* _What is required_: Your answer must be a word-for-word copy of the listing, with all pictures excluded.

* _Given material_:
* * * * * * *
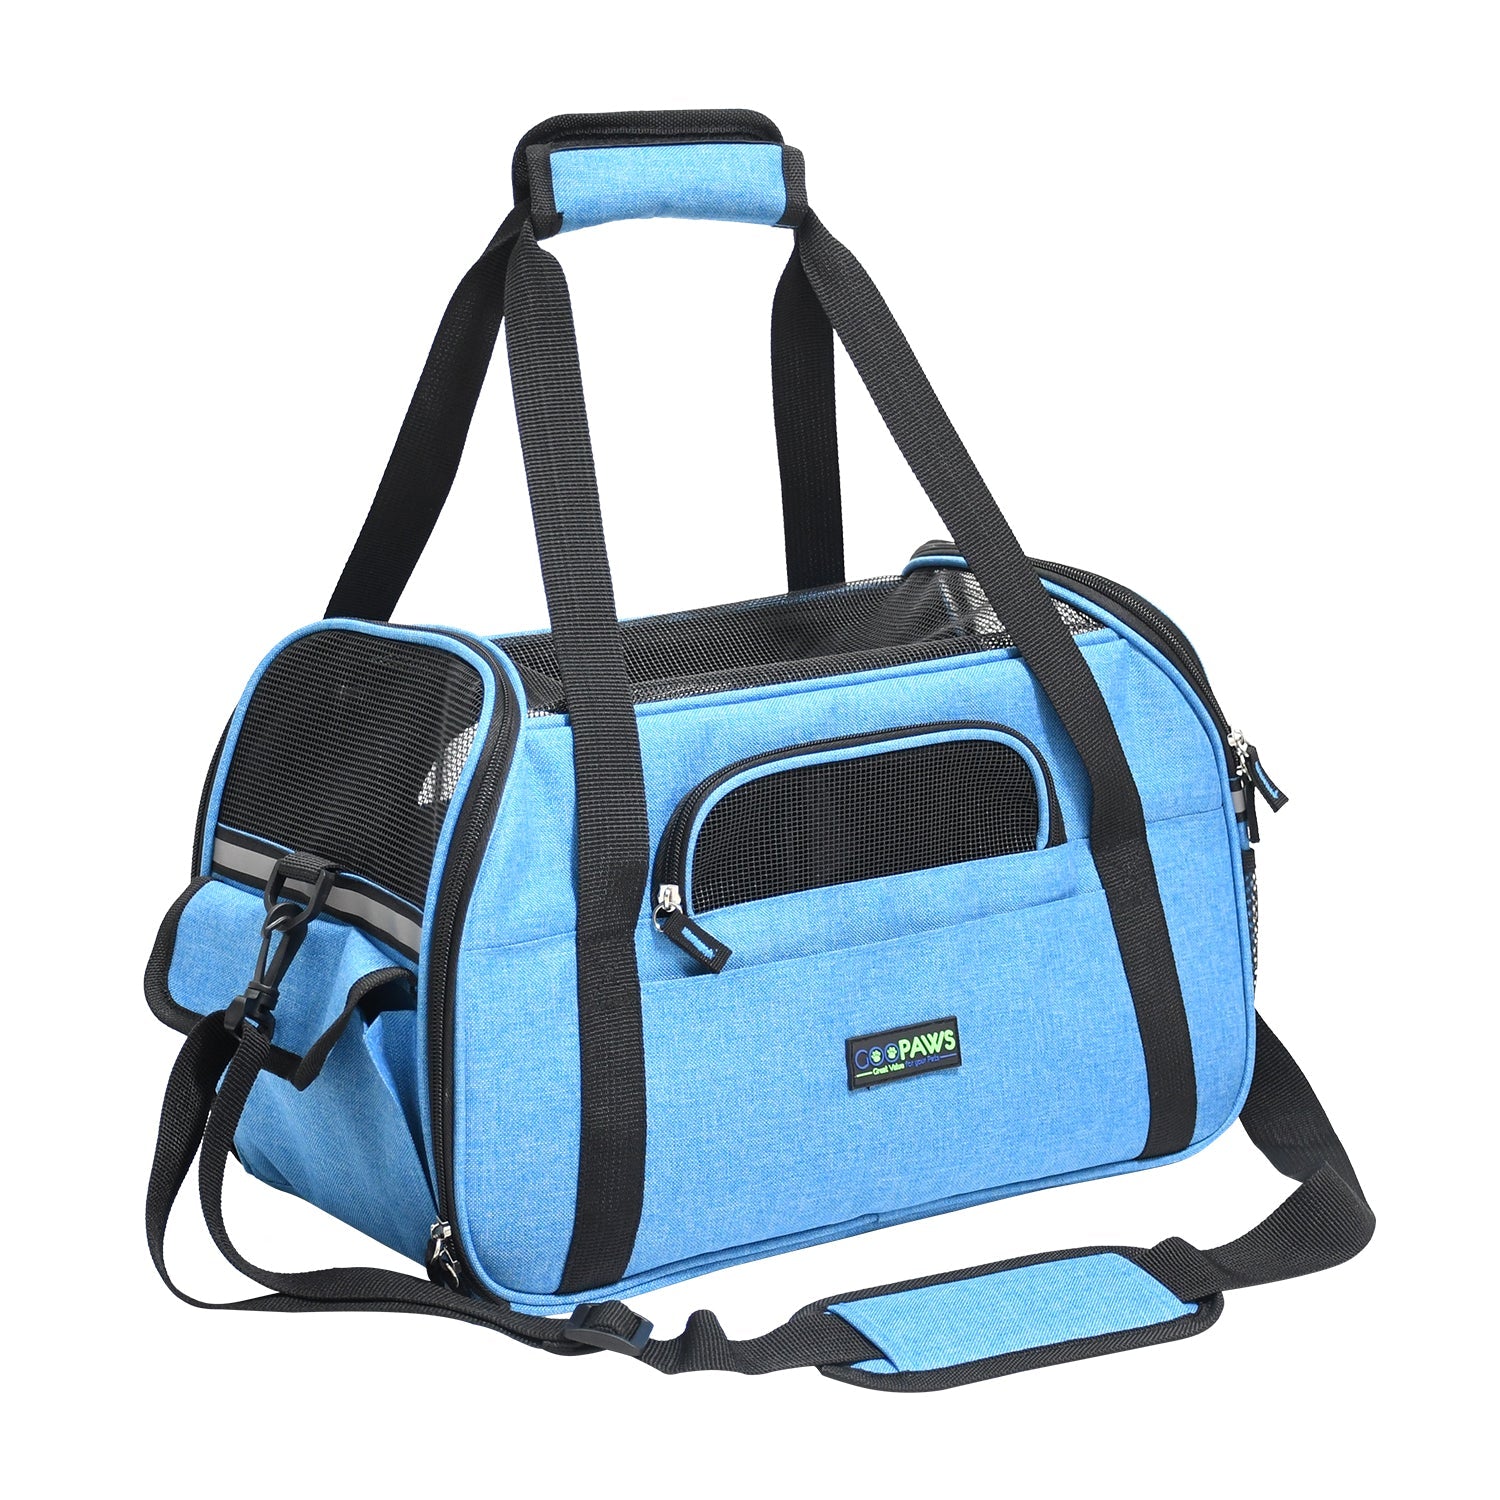 GOOPAWS Soft Sided Small Pet Carrier Ideal for Travel, Turquoise, 17"
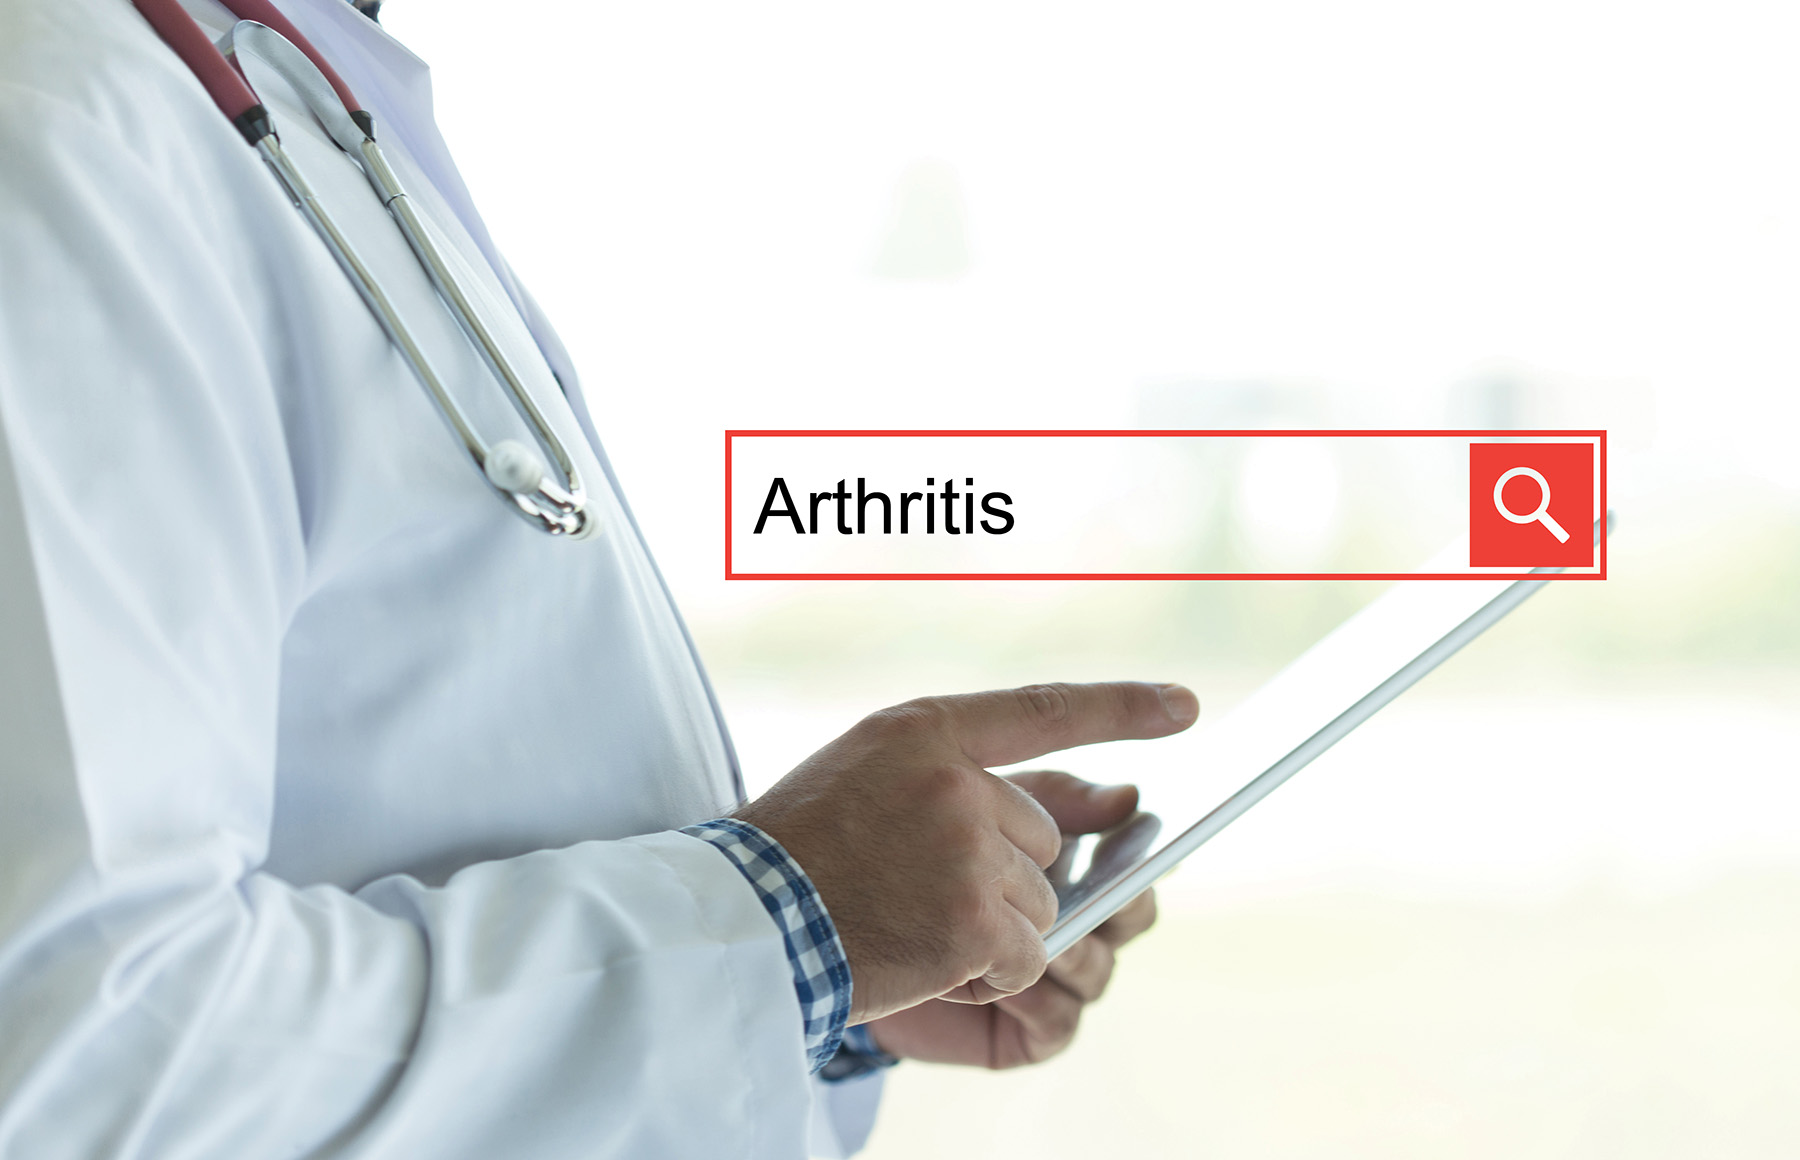 Online search bar with arthritis typed in. Doctor on tablet in background.
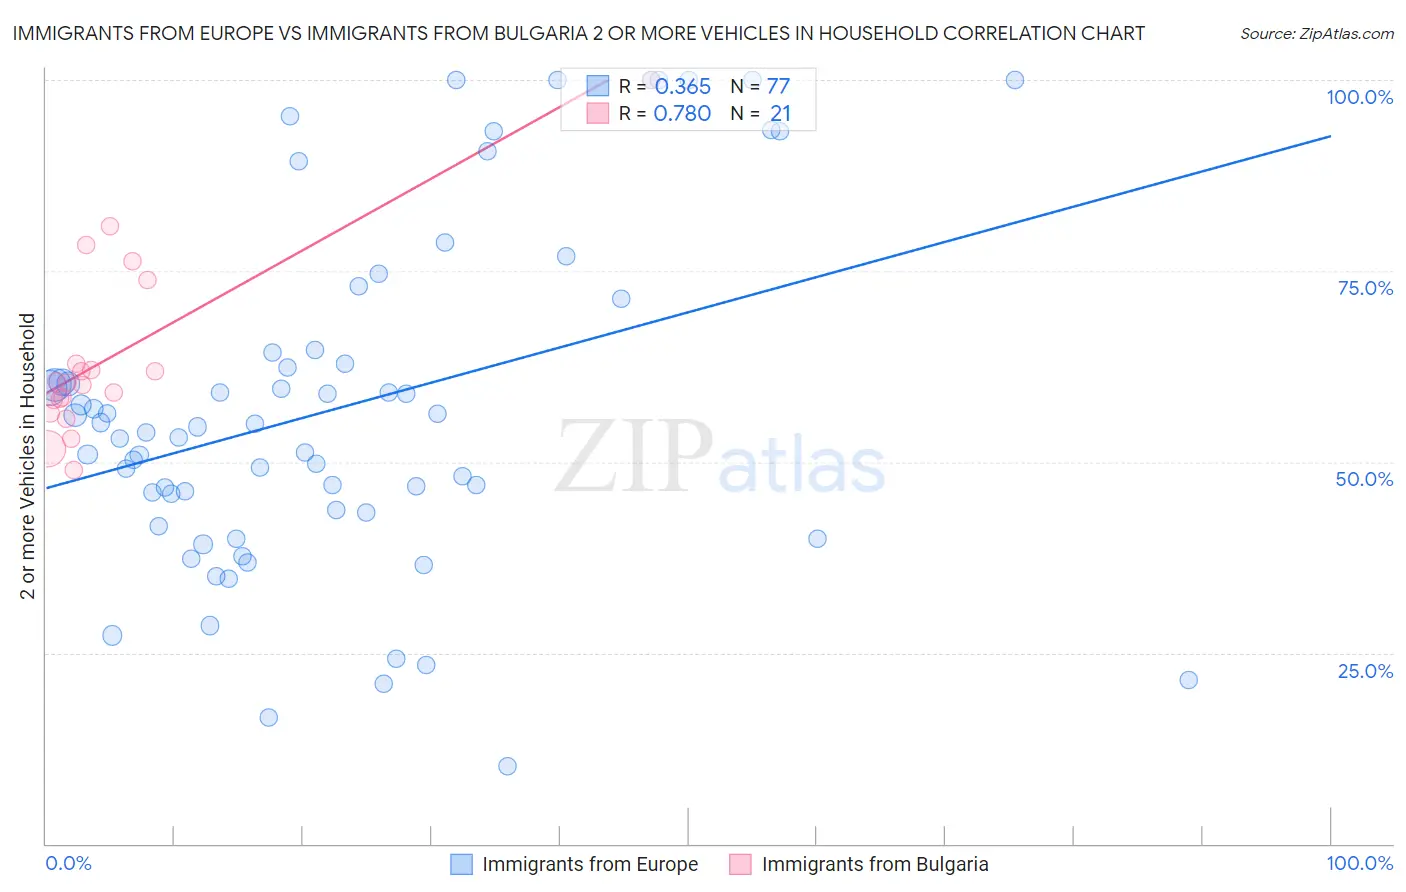 Immigrants from Europe vs Immigrants from Bulgaria 2 or more Vehicles in Household
* * * * * * *
* _Response to this exercise_:
 GOOPAWS Soft Sided Small Pet Carrier Ideal for Travel, Turquoise, 17"
 Online search bar with arthritis typed in. Doctor on tablet in background.
 Immigrants from Europe vs Immigrants from Bulgaria 2 or more Vehicles in Household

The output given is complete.